I didn't understand your comment about CMM_binary, and your example didnt include anything called MM_binary for me to understand your intentions aside from your follow up post text that said you wanted to plot the proportion of disease cases by age.

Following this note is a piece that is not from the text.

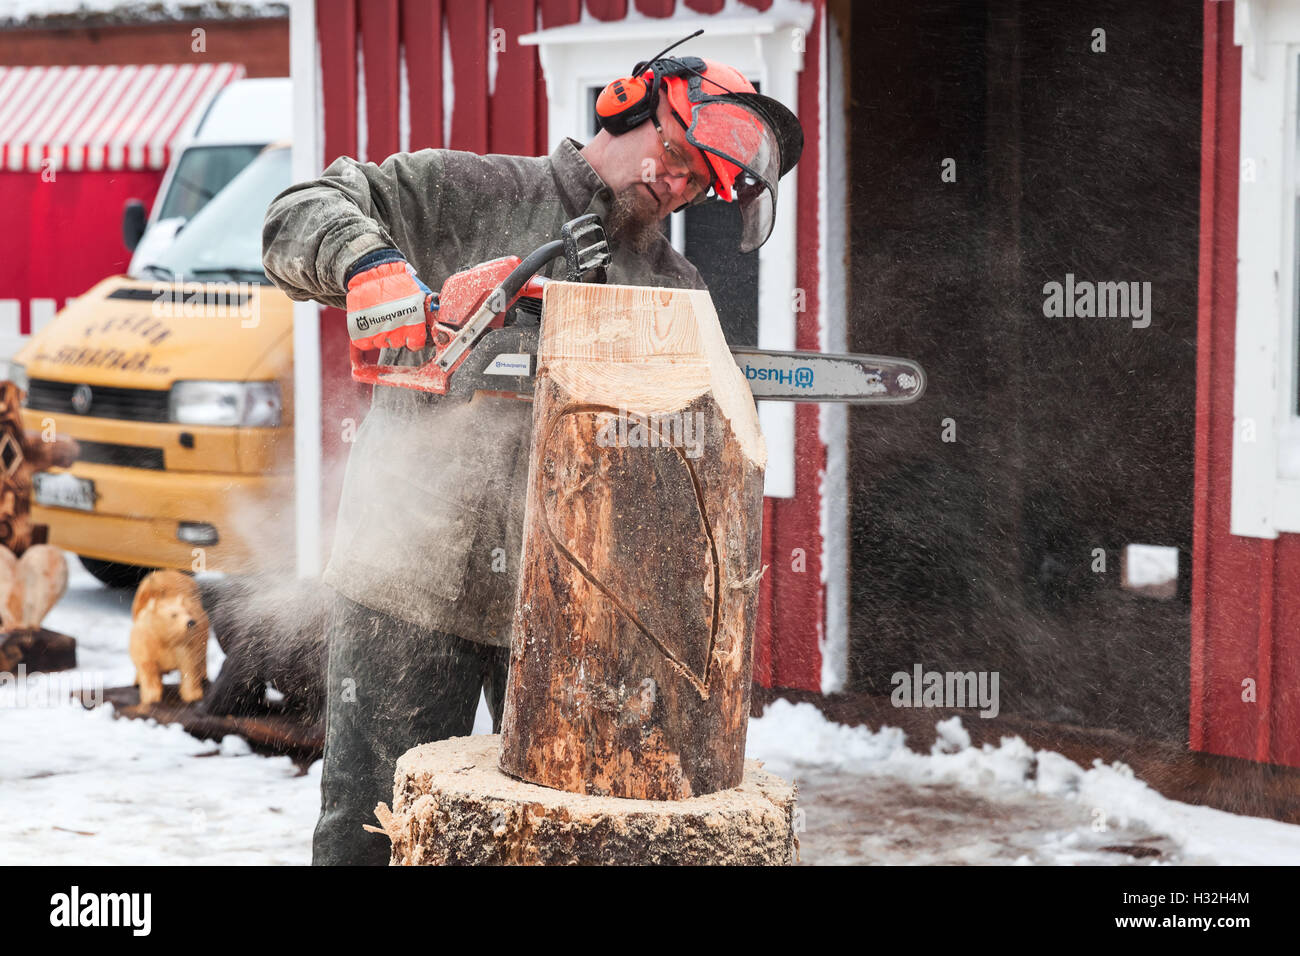 Hamina, Finland - December 13, 2014: Master sculptor with a chainsaw produces wooden bird sculpture Stock Photo

I think this delivers that:


library(tidyverse)
conditions_df <- tribble(
  ~ID, ~Age, ~Sex, ~CarsQuintile, ~age_group, ~CarsQuintile_group, ~Diabetes, ~Asthma, ~Stroke, ~Heart.attack, ~COPD, ~Hypertension, ~Eczema, ~Depression,
  1L, 18L, 1L, 2L, "18 - 24", 3L, 1L, 1L, 0L, 1L, 0L, 0L, 0L, 0L,
  2L, 77L, 1L, 1L, "65 - 74", 1L, 0L, 1L, 1L, 1L, 0L, 0L, 1L, 0L,
  3L, 25L, 1L, 3L, "25 - 34", 4L, 0L, 0L, 0L, 0L, 0L, 1L, 0L, 0L,
  4L, 30L, 1L, 1L, "25 - 34", 3L, 0L, 0L, 0L, 0L, 0L, 0L, 0L, 1L,
  5L, 54L, 1L, 1L, "55 - 64", 1L, 0L, 0L, 0L, 0L, 0L, 1L, 1L, 0L,
  6L, 78L, 1L, 5L, "75 - 84", 5L, 1L, 1L, 0L, 1L, 0L, 0L, 0L, 0L,
  7L, 69L, 1L, 1L, "65 - 74", 1L, 1L, 1L, 0L, 1L, 0L, 1L, 0L, 0L,
  8L, 62L, 1L, 1L, "55 - 64", 2L, 0L, 0L, 0L, 0L, 0L, 0L, 0L, 1L,
  9L, 68L, 1L, 5L, "55 - 64", 1L, 1L, 1L, 0L, 1L, 0L, 0L, 1L, 0L,
  10L, 63L, 1L, 1L, "55 - 64", 3L, 1L, 0L, 0L, 1L, 0L, 0L, 0L, 0L
)

# add more here as needed
dis_vec <- c("Diabetes", "Asthma", "Stroke")


(smry_cond <- conditions_df %>% 
    group_by(age_group) %>%
  summarise(across(
    .cols = dis_vec,
    .fns  = ~ sum(. == 1) / n()
  )))

(smry_long <- pivot_longer(smry_cond,
                            cols = -age_group
                          ) %>%
                            mutate(age_group = 
                                     factor(age_group)))

ggplot(data = smry_long) +
  aes(x = age_group, y = value,
      group = name, color = name) +
  geom_line(size = 2, alpha = .7)

This is brilliant, thank you so much! This is exactly what I was trying to achieve. Apologies about the MM_binary comment, in the reprex I changed to variable name to make it easier make an example. Really appreciate your help.